Festival de Karlovy Vary | Critique : Santosh

Une région rurale du nord de l’Inde. Après la mort de son mari, Santosh, une jeune femme, hérite de son poste et devient policière comme la loi le permet. Lorsqu’elle est appelée sur le lieu du meurtre d’une jeune fille de caste inférieure, Santosh se retrouve plongée dans une enquête tortueuse aux côtés de la charismatique inspectrice Sharma, qui la prend sous son aile.

Santosh
Inde, 2024
De Sandhya Suri

Durée : 2h08

Sortie : 17/07/2024

Note :

QUE FAIT LA POLICE ?

A peine le film a-t-il commencé que l’héroïne éponyme perd son mari. Policier, ce dernier été abattu lors d’une émeute anti-forces de l’ordre. Au lieu de la traiter avec le respect dû à son veuvage, la belle-famille de Santosh peste contre elle comme s’il s’agissait d’une machine tombée en panne beaucoup plus tôt que prévu, un objet encombrant qu’on ne désigne qu’à la troisième personne, même sous son nez. Comme si une veuve n’avait pas d’autre option possible que de devenir un poids pour les autres jusqu’à la fin de ses jours. Un surprenant héritage attend pourtant Santosh. Selon une loi en apparence un peu rocambolesque mais qui existe bel et bien en Inde, une veuve peut, si elle le désire (et en passant tout de même un concours, bien sûr), hériter du poste de fonction publique de son défunt mari. Santosh n’a pas vraiment le choix si elle veut vivre en indépendance : la voilà apprentie policière.
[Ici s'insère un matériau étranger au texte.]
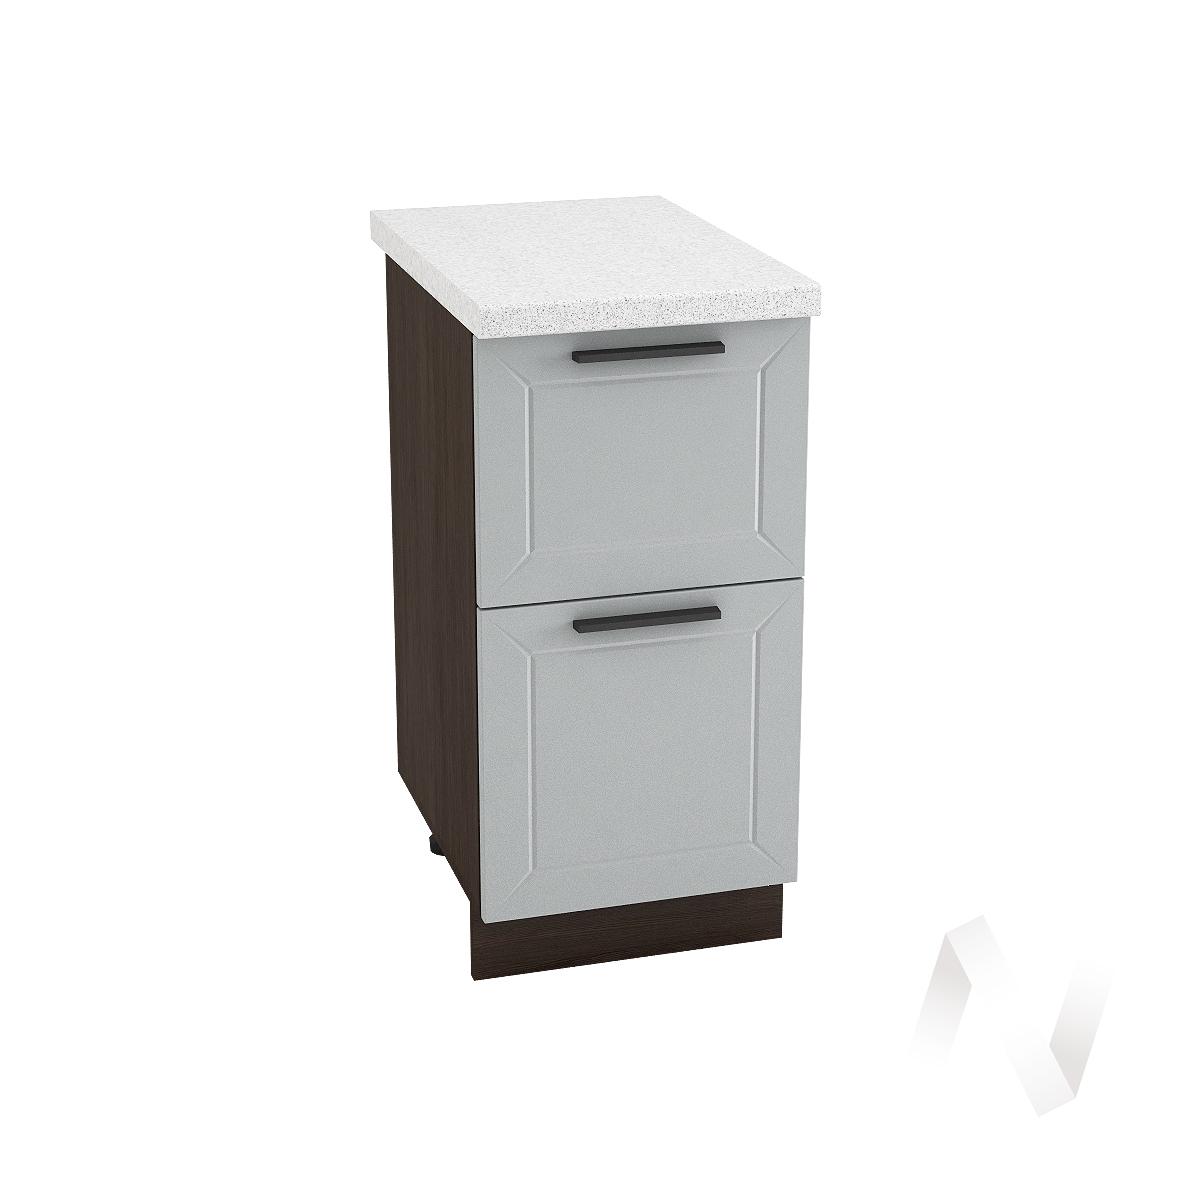 """Кухня """"Глетчер"""": Шкаф нижний с 2-мя ящиками 400, ШН2Я 400 (Гейнсборо Силк/корпус венге)"""

Santosh va-t-elle vivre une émancipation féminine galvanisante à travers le métier de gardienne de la paix ? Non, le film a plus de finesse que cela. Non seulement l’héroïne va être directement confrontée à la récurrence et la quasi-impunité des violences faites aux femmes et des violences entre castes, mais elle va également devoir composer avec la corruption de sa hiérarchie. La réalisatrice anglo-indienne Sandhya Suri vient du documentaire, et explique ne pas avoir spécialement prévu de sauter le pas vers la fiction. Ce qui l’a décidée ? La stricte impossibilité de faire un documentaire sur la police indienne, selon ses termes.

Cette volonté de témoigner avant même de raconter explique peut être quelques limites un peu convenues de cette mise en scène sage et de cette structure scénaristique. Ainsi, Santosh est un peu coincée dans la fonction ingrate du « personnage neutre qui observe ». Heureusement elle a face à elle un second rôle en or : sa supérieure hiérarchique, quelque part entre mama bienveillante et tortionnaire folle. Ainsi se noue peu à peu une double identification : Santosh se reconnaît dans la jeune victime d’un viol collectif, tandis que sa supérieure se reconnaît en elle. Ce drame accessible manque parfois un peu de personnalité dans sa mise en image, mais ce scénario intelligent qui met en scène des personnages féminins nuancés a le mérite de poser sans naïveté des bonnes questions sur l’ambiguïté de l’usage de la violence et de la force.